I'm trying to scrape video game details from Game Fly. I need the game description, inside <p> tags, which follows an <h3> tag.
But sometimes there's extra tags before, inside, and after the description paragraph.
What expression should I use? I want to ignore all tags inside the first <p> and the last </p> in the Sub Extractor Pattern
EX: Simplest Format::
<h3>Game Description</h3>
<p>~@DESCRIPTION@~</p>
<div
<p>~@DESCRIPTION@~</p>
<div
Screwy Formats::
<h3>Game Description</h3>
<p></p>
<p>~@DESCRIPTION@~</p>
<div
<h3>Game Description</h3>
<p><strong>blah blah</strong>~@DESCRIPTION@~</p>
<div
<h3>Game Description</h3>
<p>~@DESCRIPTION@~</p>
<br />
<br />
<div
<p></p>
<p>~@DESCRIPTION@~</p>
<div
<h3>Game Description</h3>
<p><strong>blah blah</strong>~@DESCRIPTION@~</p>
<div
<h3>Game Description</h3>
<p>~@DESCRIPTION@~</p>
<br />
<br />
<div
SOMETIMES there are combination of extra tags, even badly nested tags! (<p><strong>foobar</p></strong>)

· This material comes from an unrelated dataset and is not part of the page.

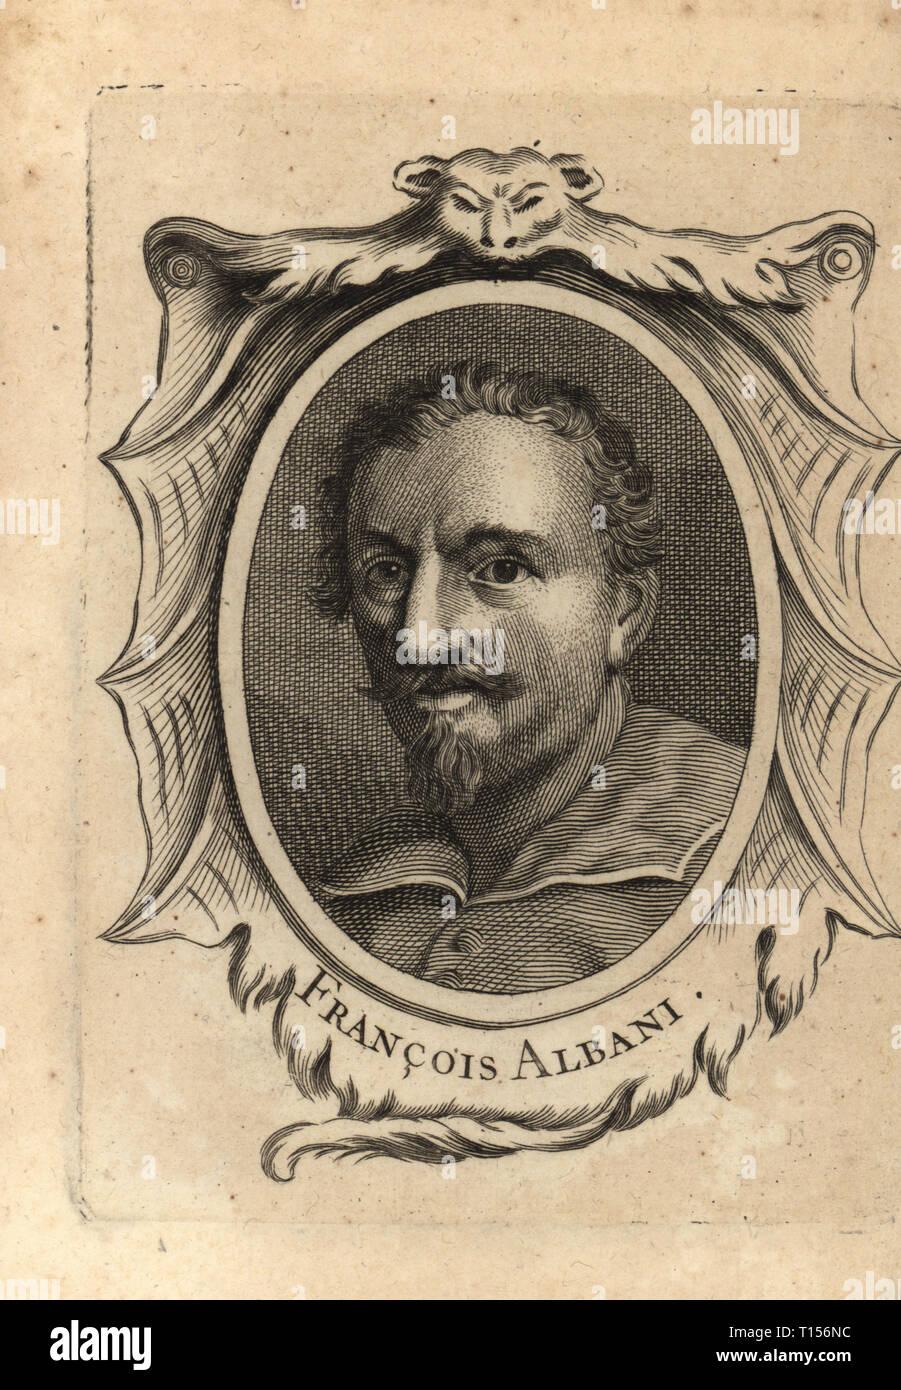 Andrea Albani francesco albani stock photos & francesco albani stock

I swear I've tried all of the RegEx in the list, and even tried some of my own but I don't "get" them, really.
This is my first day with the free version, 3 hours after doing tutorials 1, and 2.
You're fighting unstructured
You're fighting unstructured data, and that is my bane. I would start with:
~@DATARECORD@~
<div
Then you can make any number of sub-extractors to get your description. Sorry I don't know a better way.
Thanks
I found a pattern for the unstructured data. It's whenever the description has a "NOTE" attached to it. Certain notes have one type of coding, others a different type, but universally the same to their notes.
I just decided to clean it up in post. (Open the text file I write to with notepad++ and apply search-and-replace 3 times.)